An exact, picture-free copy of the listing is required.

- [Source material]:
━━━━━━

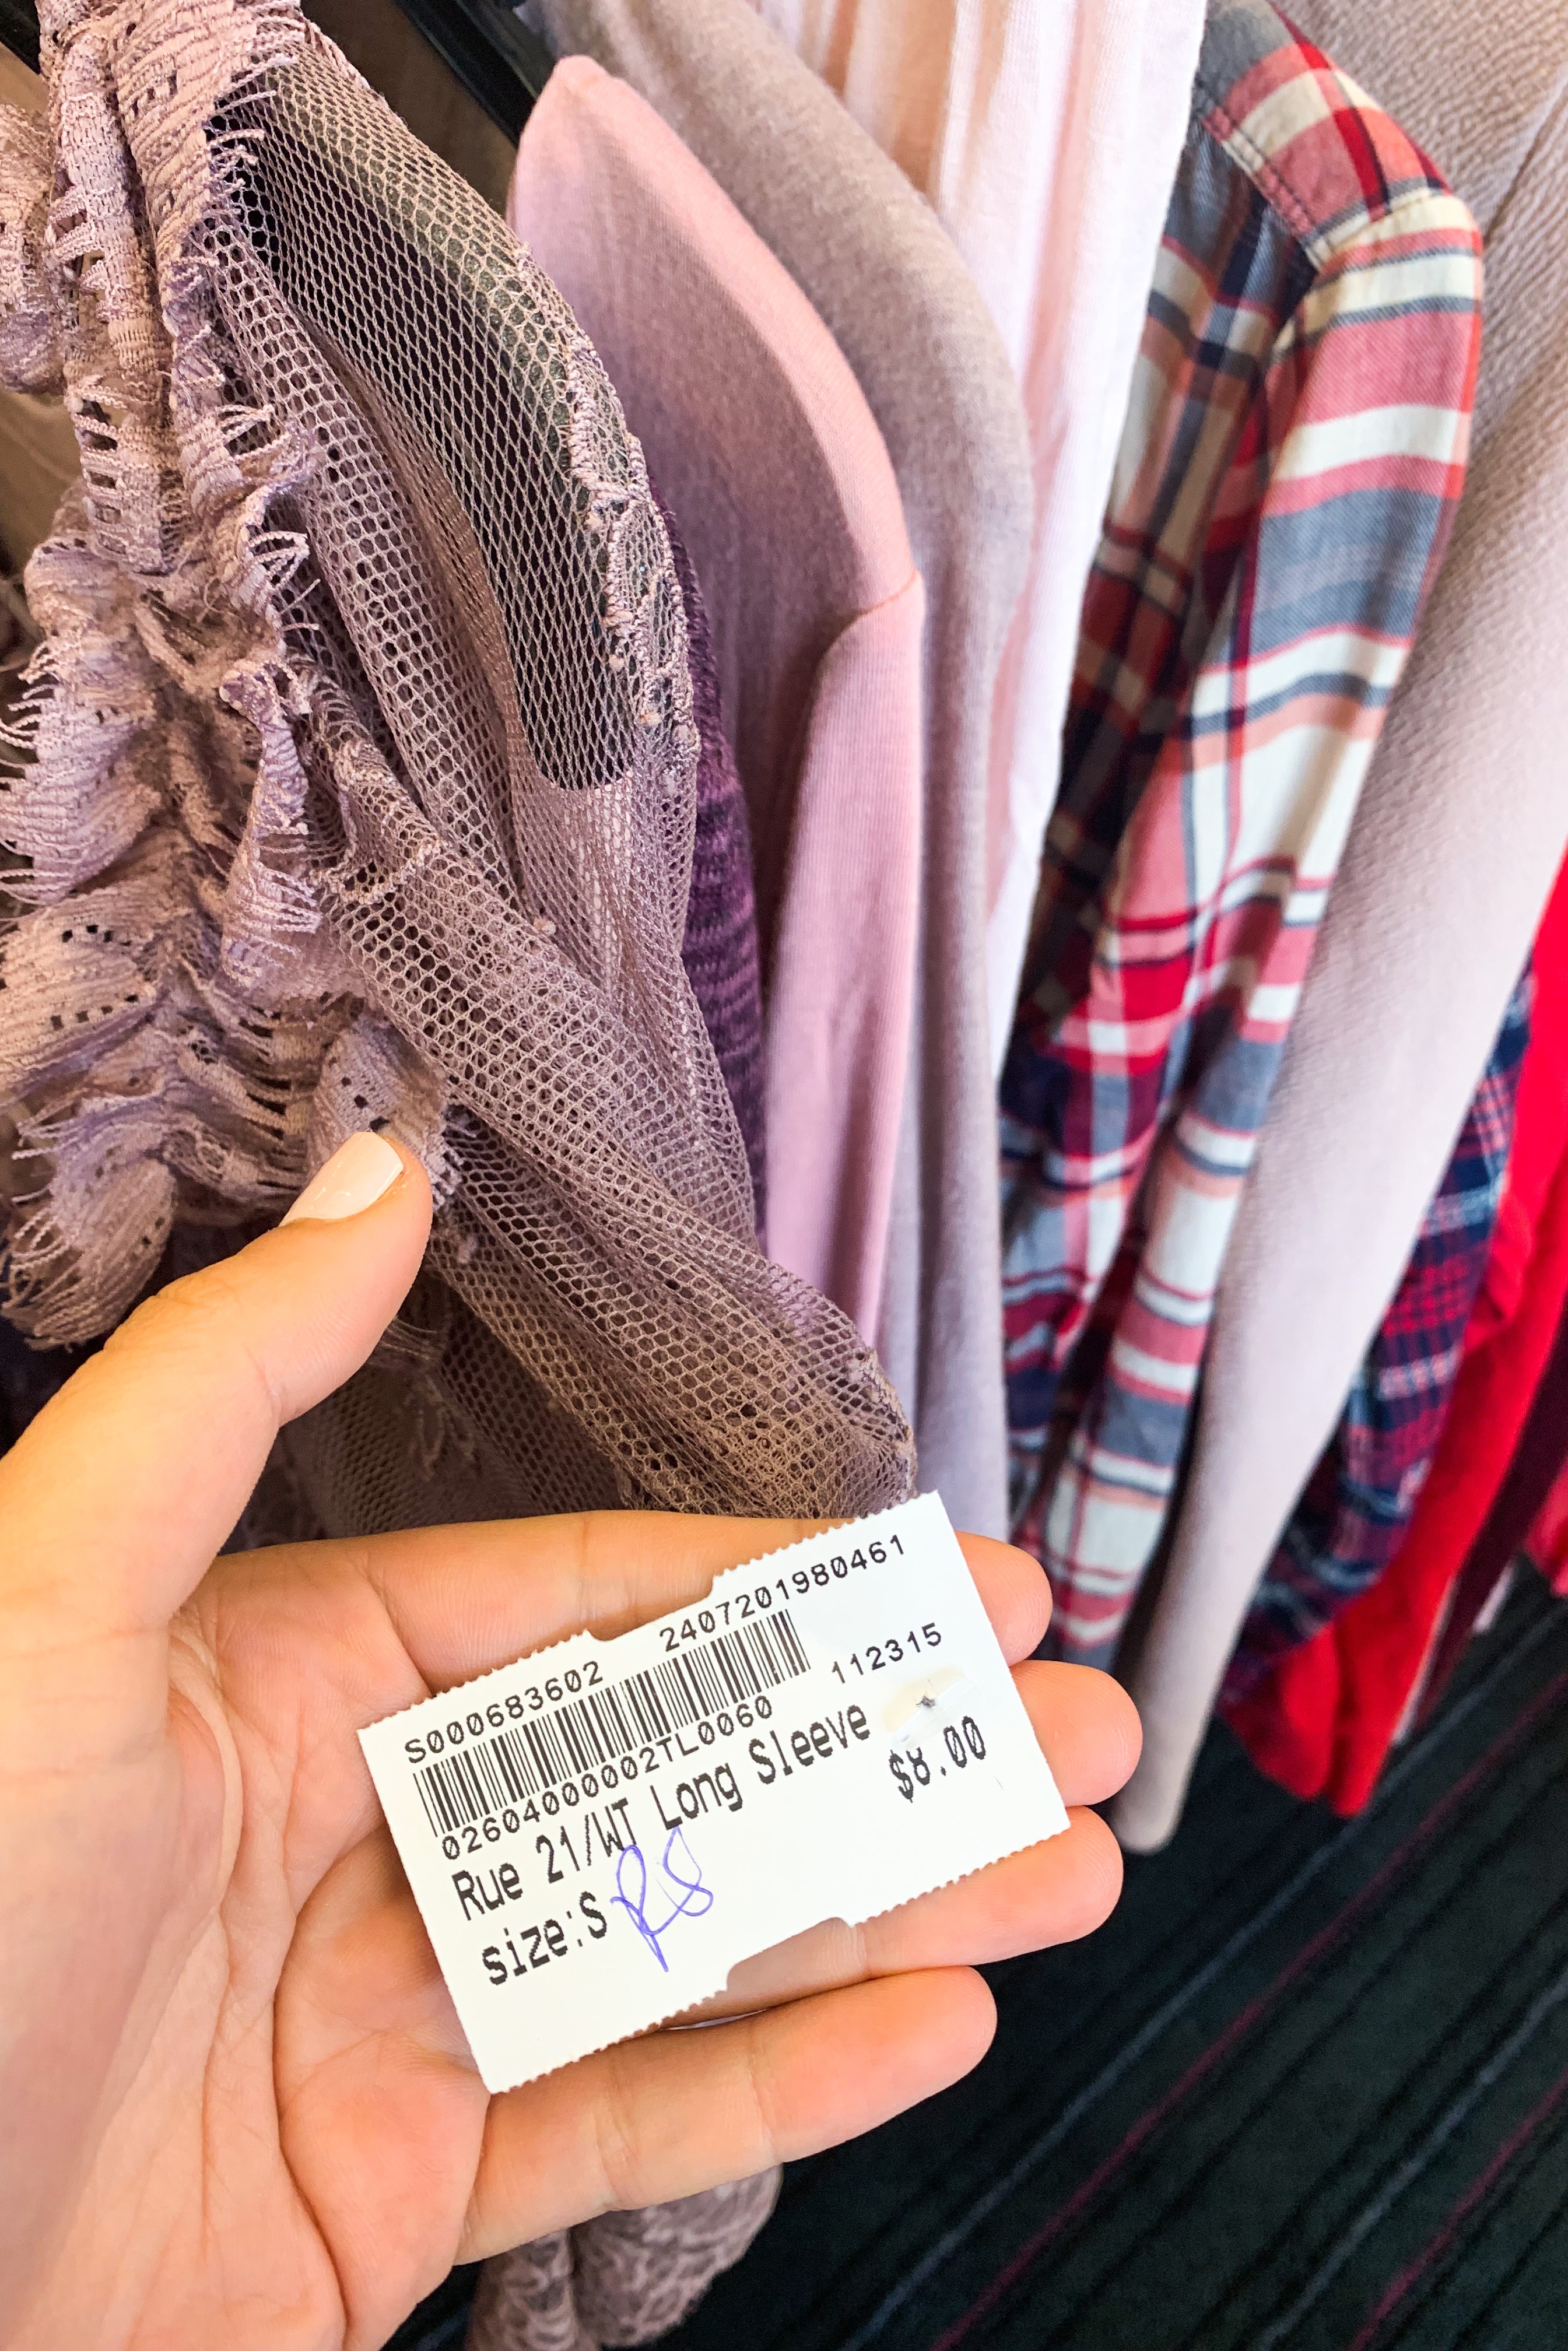 A Reseller's Guide to Plato's Closet with a Bonus Shopping Haul
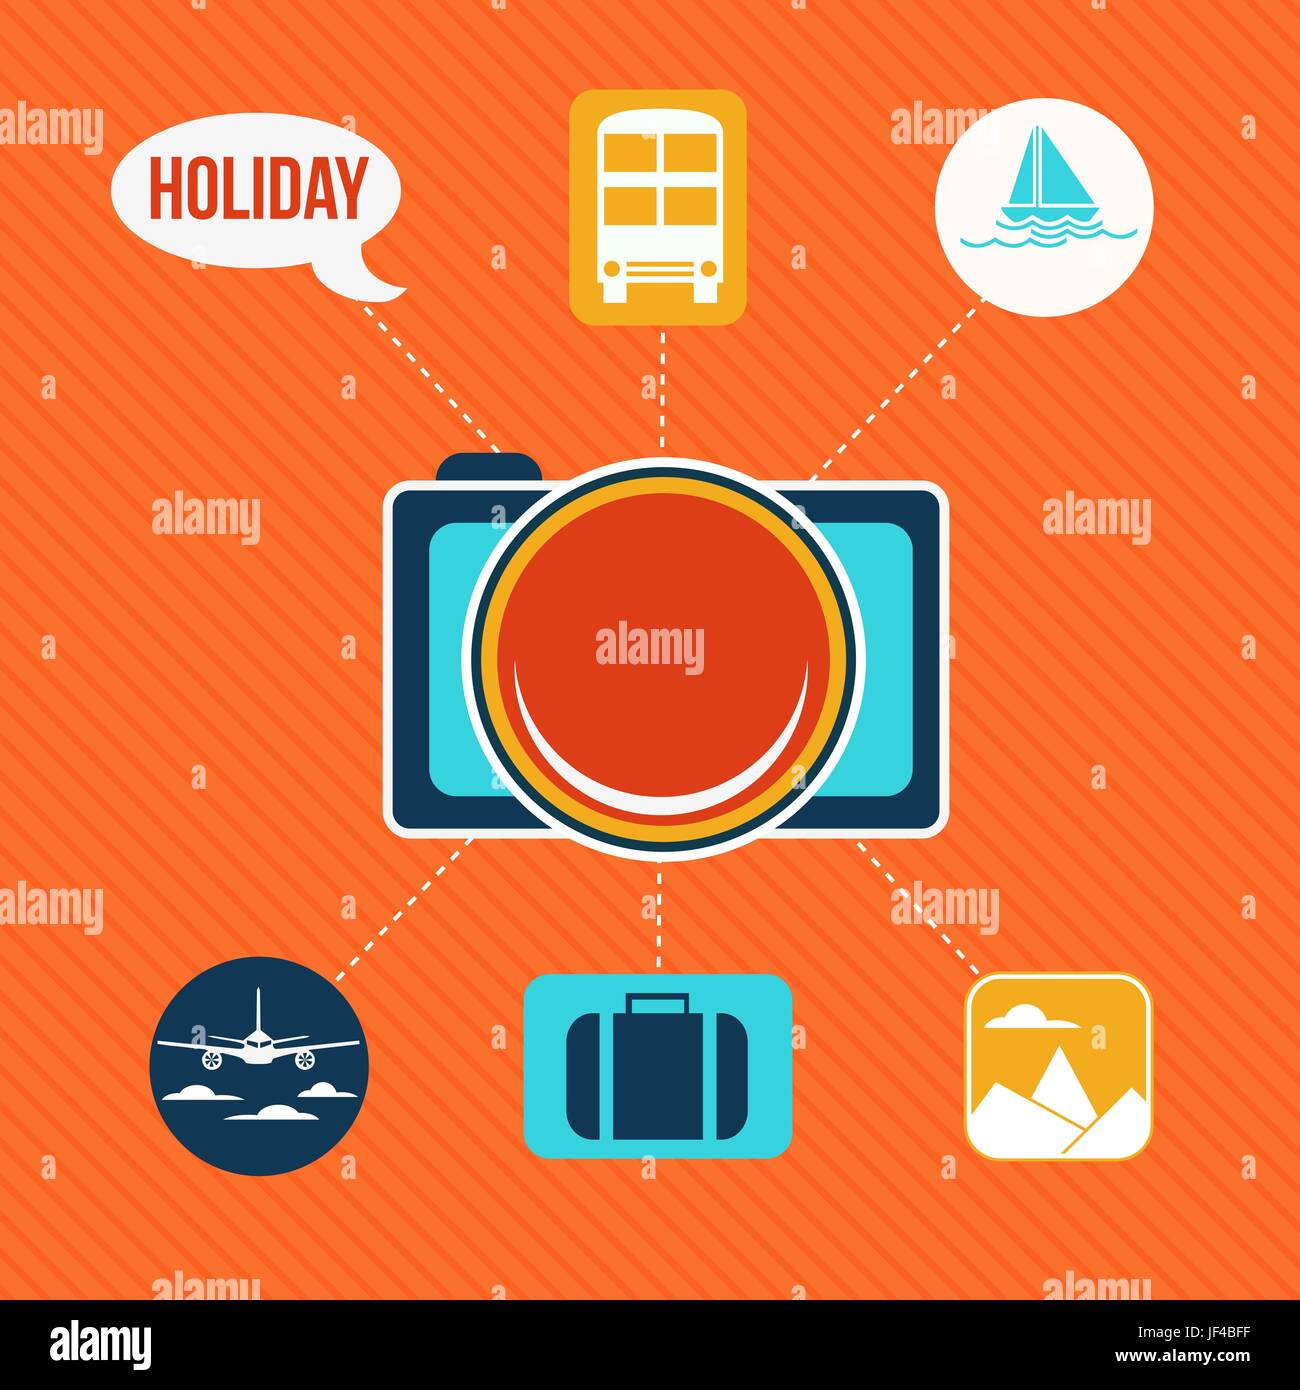 abstract, london, abstract, airplane beach blue boat business concept Stock Vector
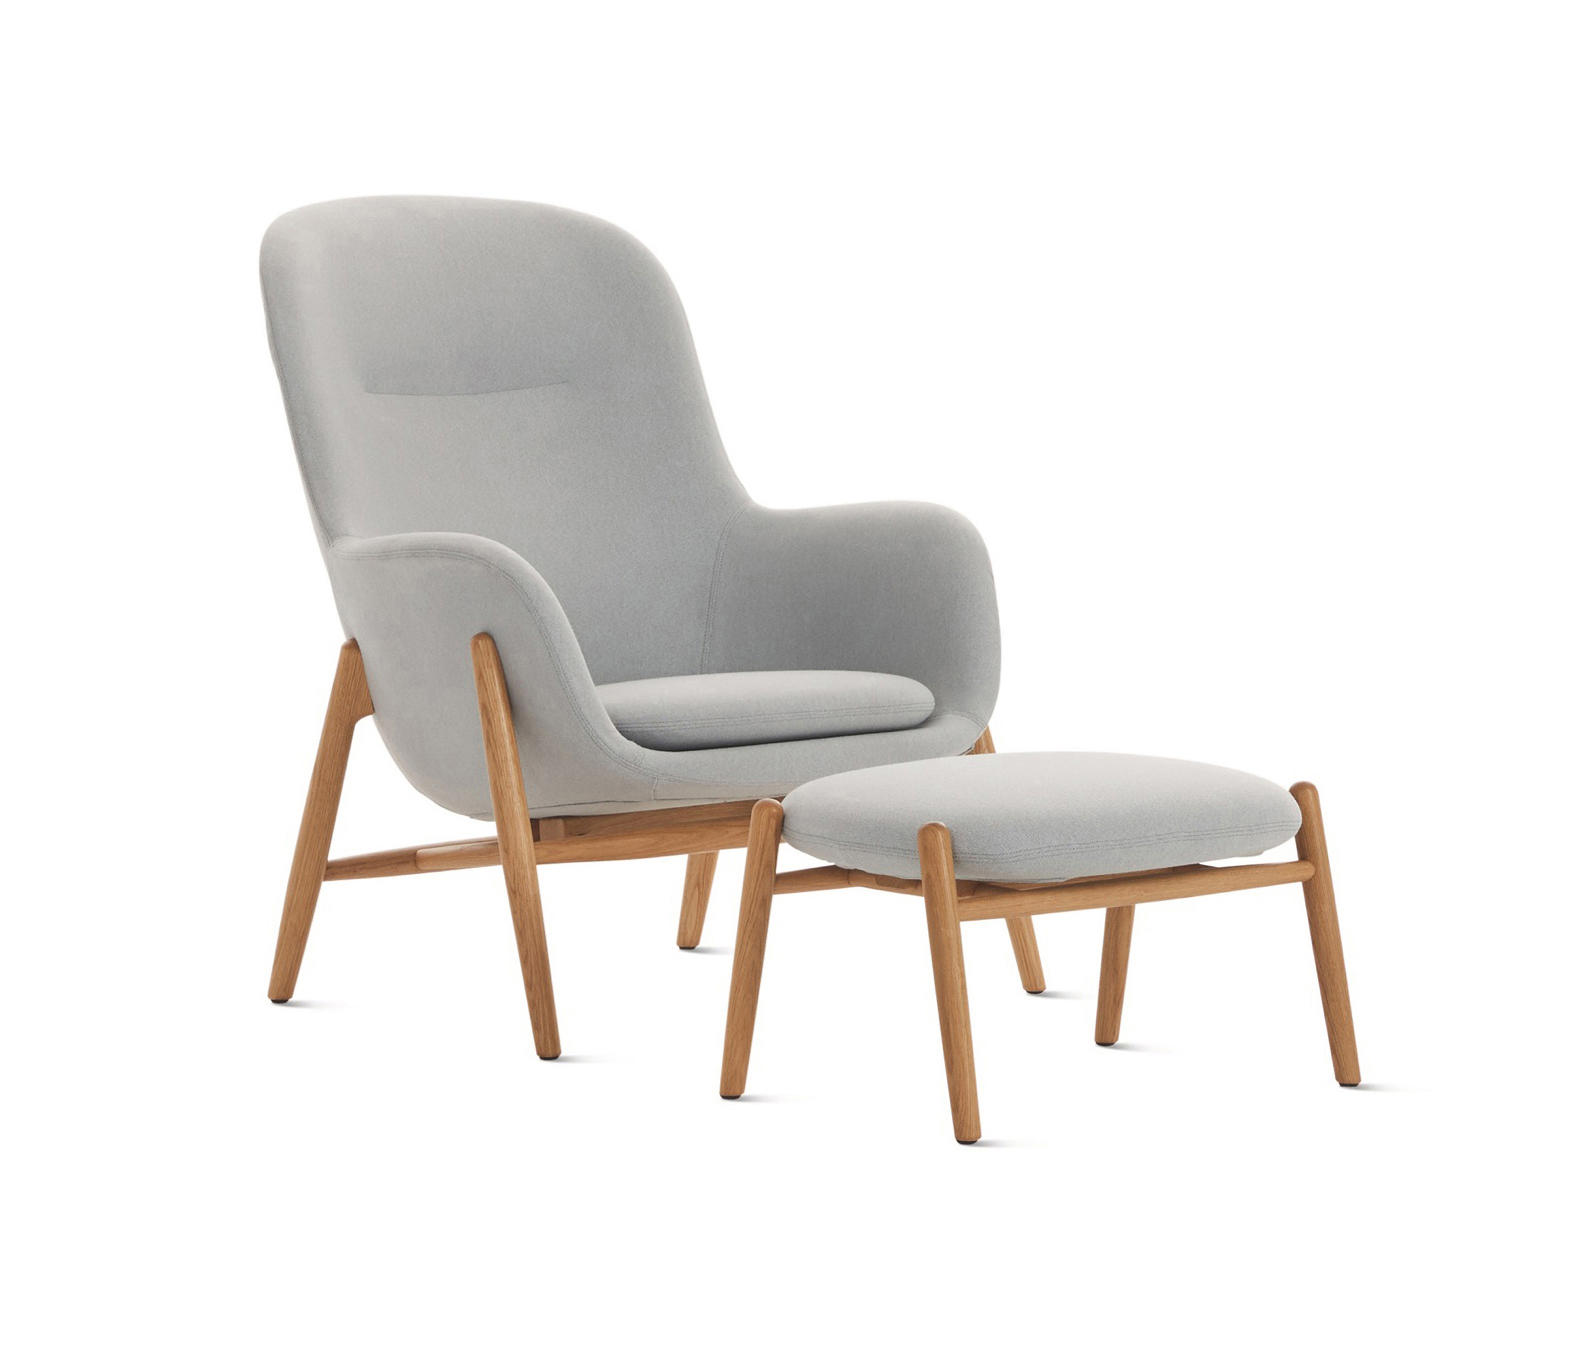 Nora Lounge Chair and Ottoman | Architonic
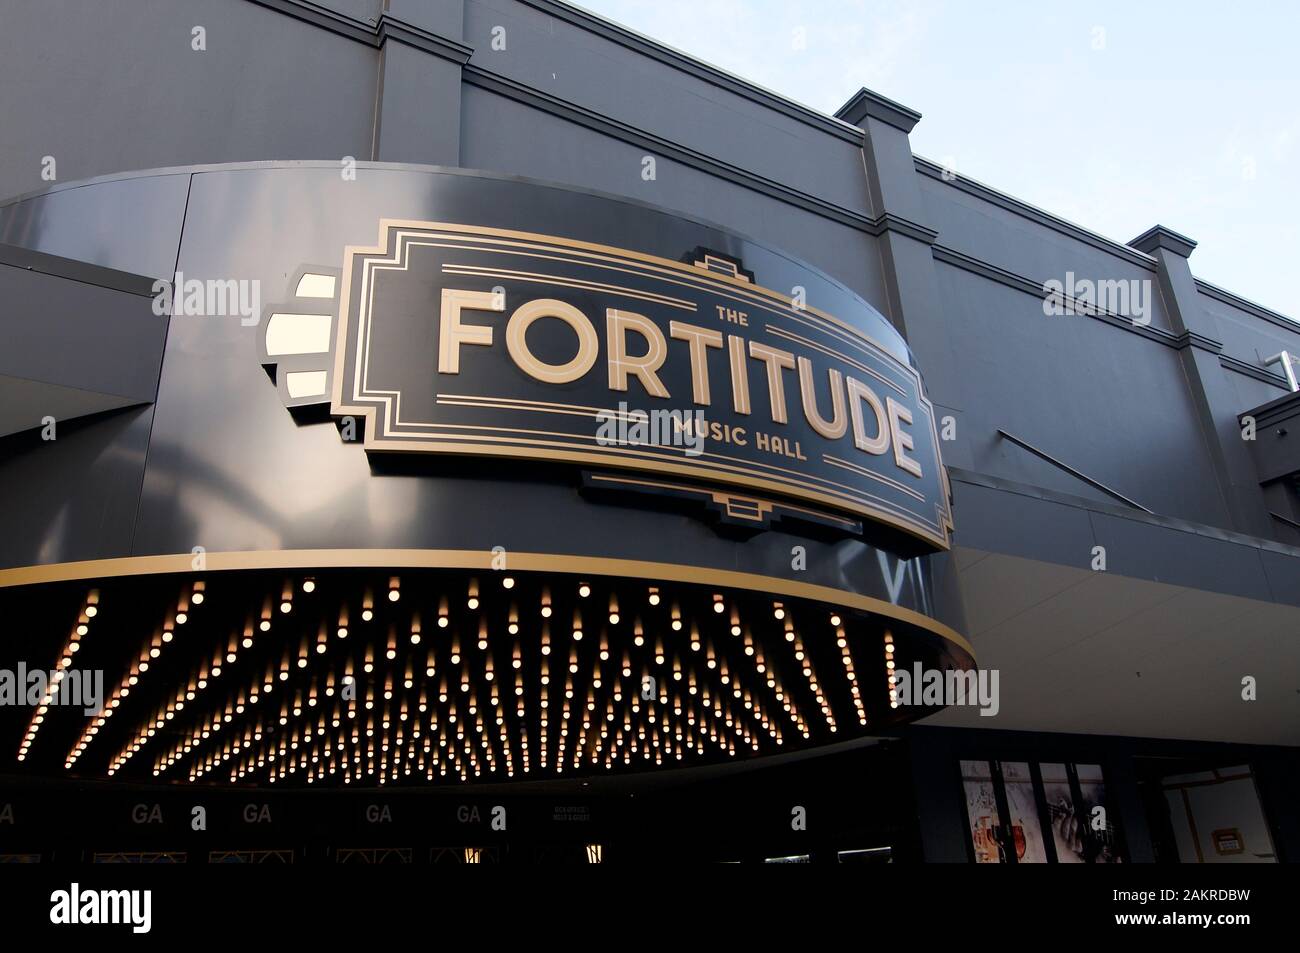 Brisbane, Queensland, Australia - 13th November 2019 : View of the Art Deco inspired Fortitude music hall entrance located in Fortitude Valley distric Stock Photo

━━━━━━

- [Task response]:
 A Reseller's Guide to Plato's Closet with a Bonus Shopping Haul
 abstract, london, abstract, airplane beach blue boat business concept Stock Vector
 Nora Lounge Chair and Ottoman | Architonic
 Brisbane, Queensland, Australia - 13th November 2019 : View of the Art Deco inspired Fortitude music hall entrance located in Fortitude Valley distric Stock Photo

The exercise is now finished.